# A Song of Vice and Higher: Characterizing Presidential Nominees through Game of Thrones

## Prepare to access Reddit's API 

We got the hang of using Reddit's API by following [Shropshire's article](https://towardsdatascience.com/exploring-reddits-ask-me-anything-using-the-praw-api-wrapper-129cf64c5d65).

1.  Install or Update PRAW in your Terminal.

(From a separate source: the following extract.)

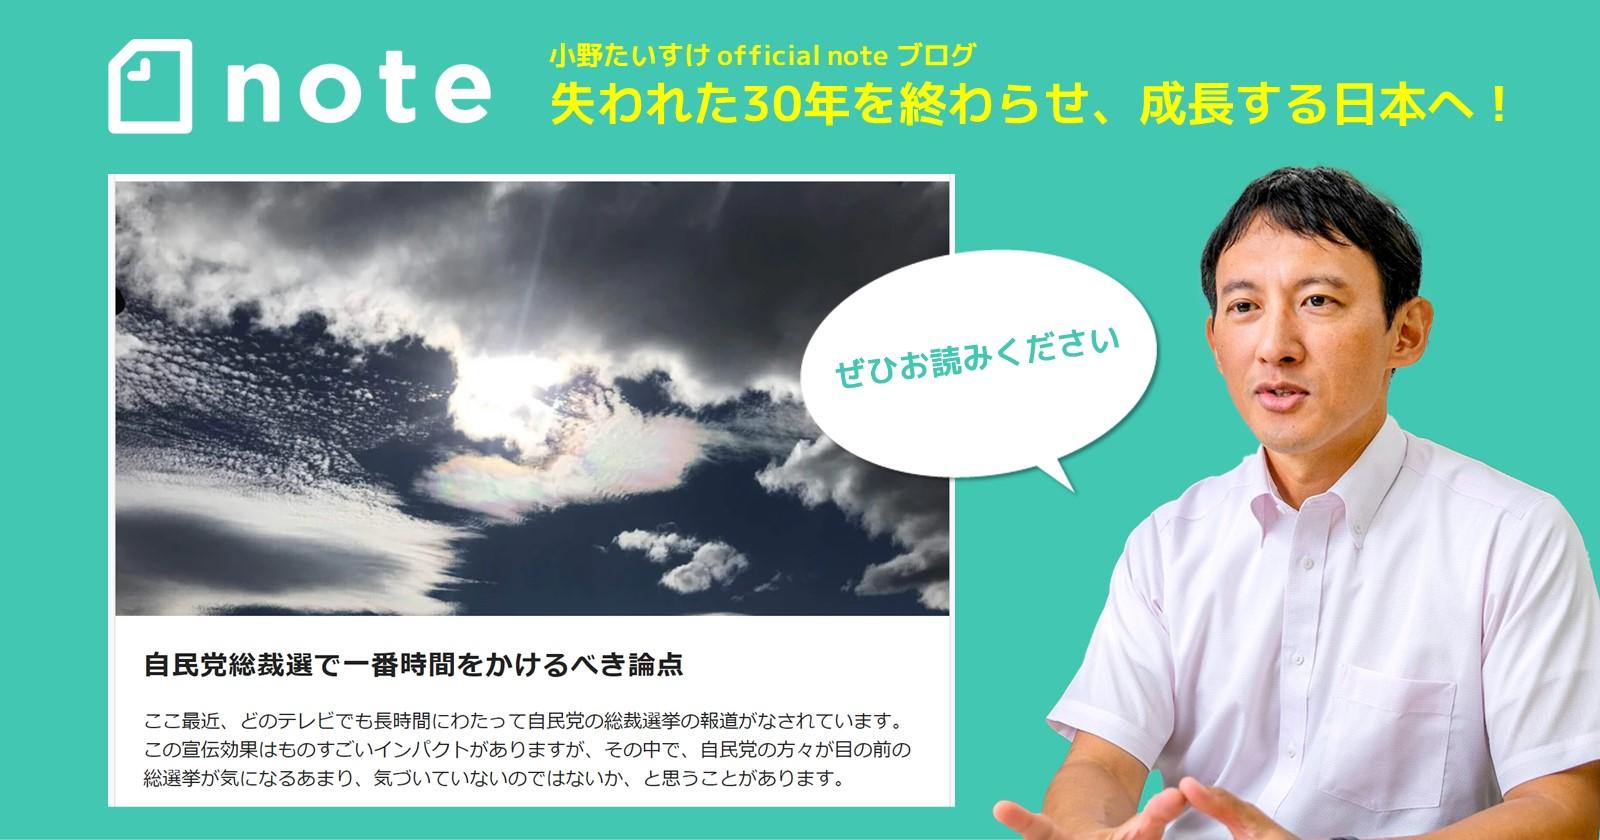 920_ブログ自民党
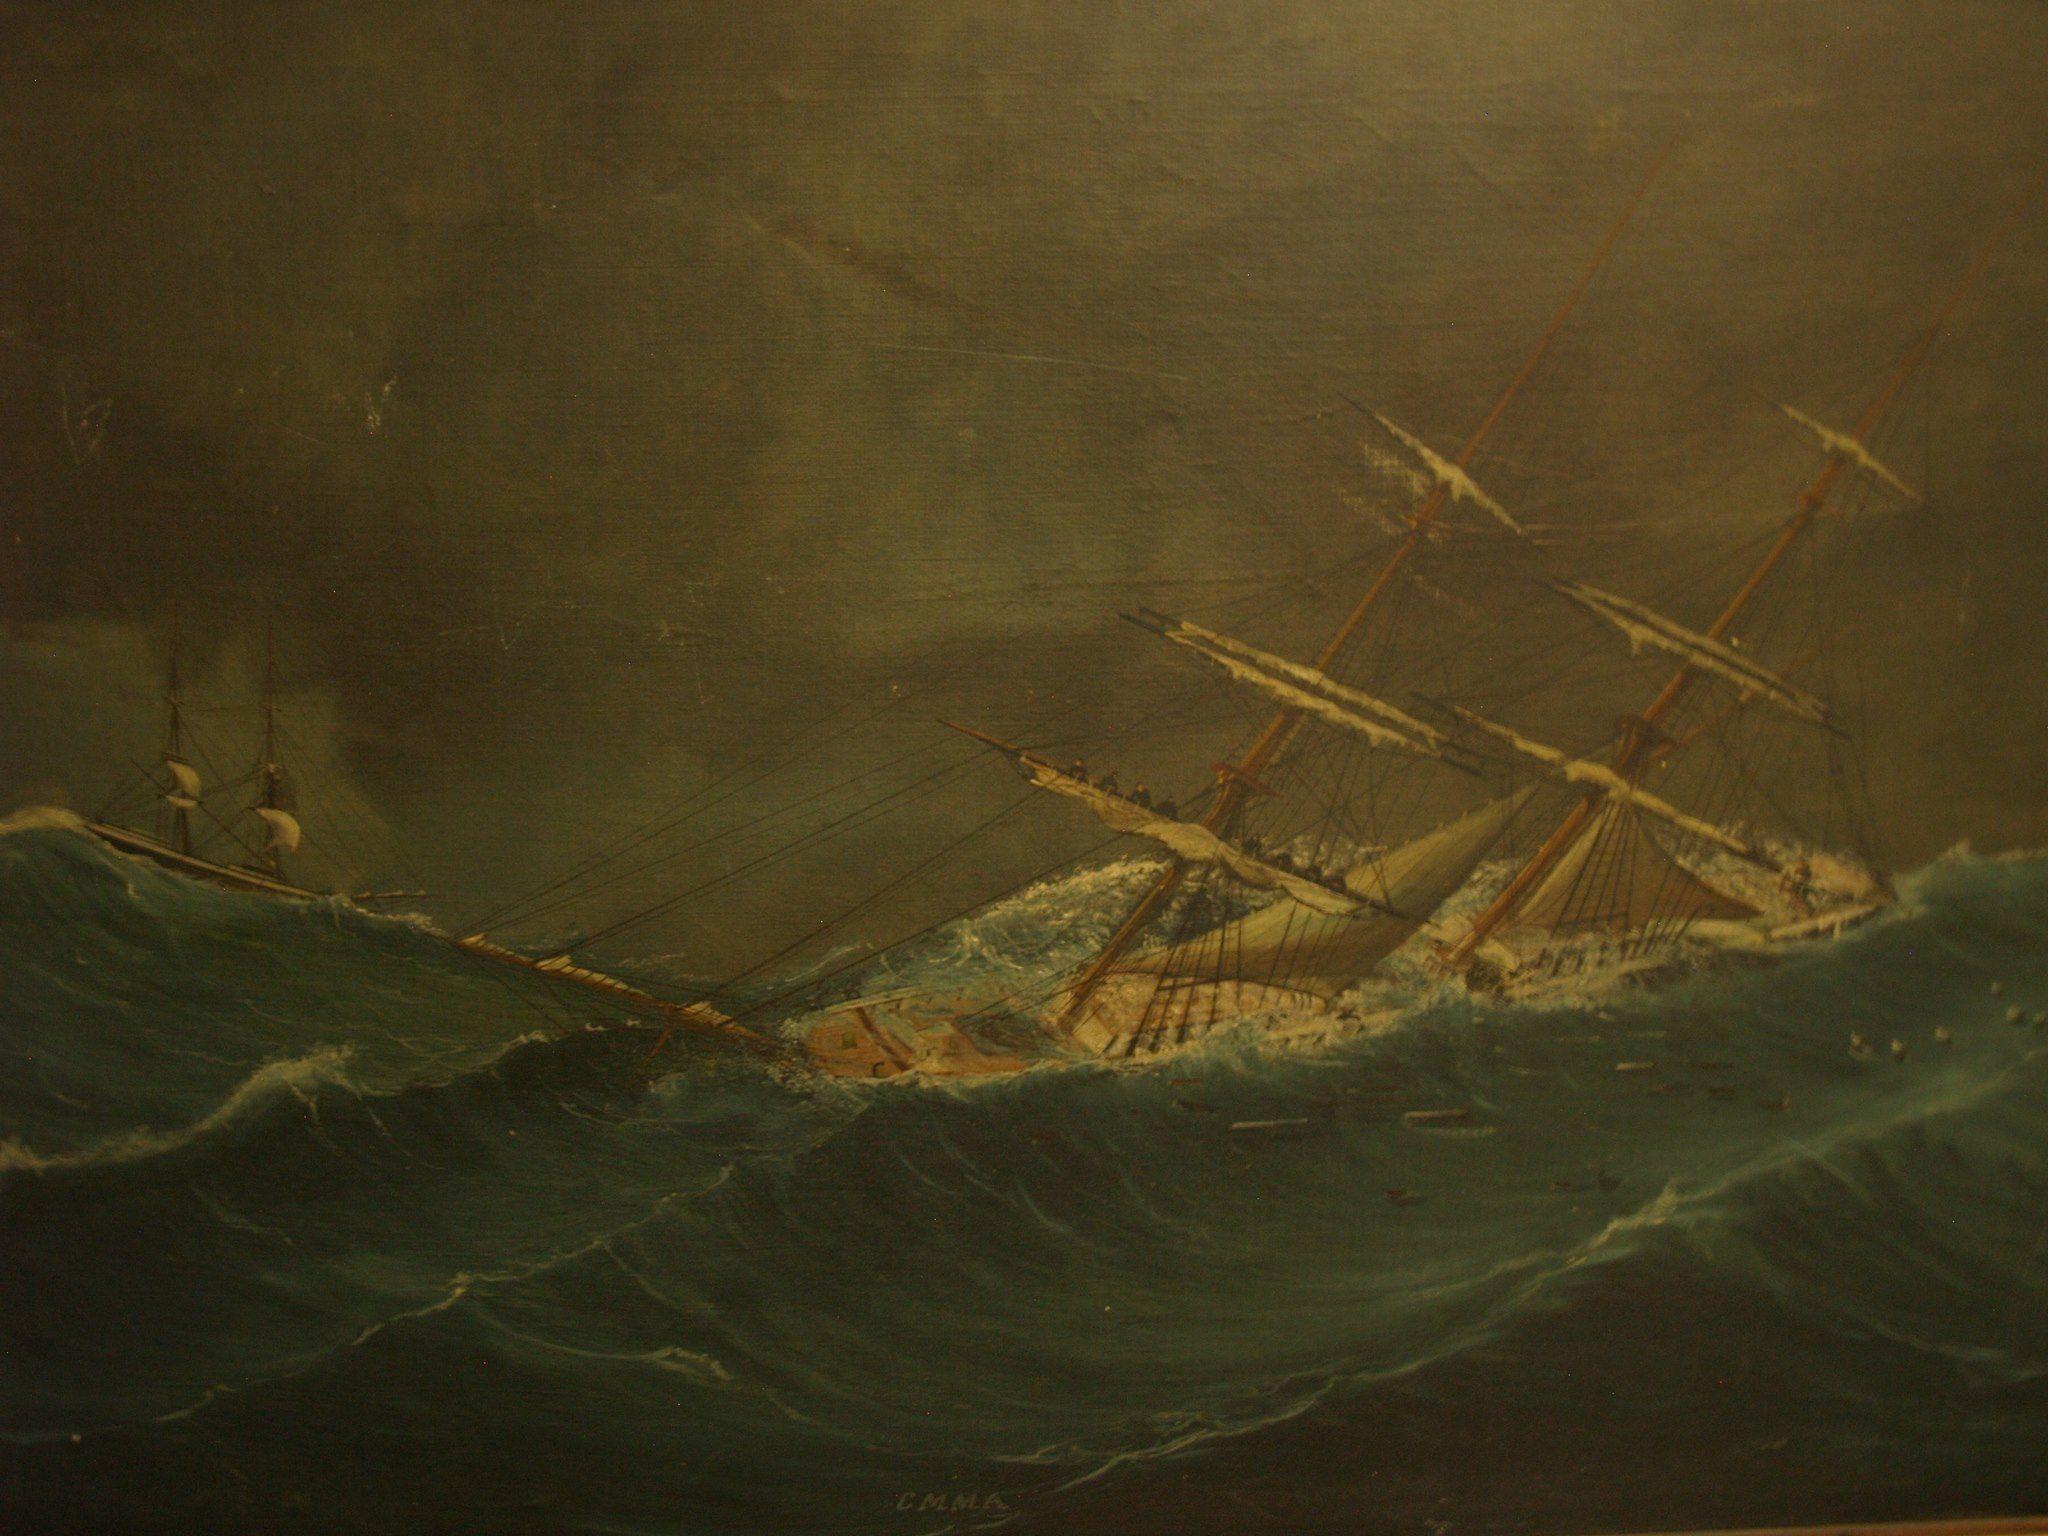 Briggen Emma ute i hardt vær. Endel av mannskapet sees arbeide i riggen med å berge seilene.

2. Create and/or Login to Your Reddit Account to begin Authenticating via OAuth

### Import Necessary Libraries

In [21]:
import os             # file system stuff
import json           # digest json
import praw           # reddit API
import pandas as pd   # Dataframes
import pymongo        # MongoDB
import helper     # Custom helper functions

### Load the API keys

3. Create your first authorized Reddit instance.

In [22]:
# Define path to secret
secret_path = os.path.join(os.environ['HOME'], 'mia/.secret', 'reddit_api.json')

In [23]:
keys = helper.get_keys(secret_path)

In [24]:
reddit = praw.Reddit(client_id=keys['client_id'] 
                     ,client_secret=keys['api_key']
                     ,username=keys['username']
                     ,password=keys['password']
                     ,user_agent='reddit_research accessAPI:v0.0.1 (by /u/FlatDubs)')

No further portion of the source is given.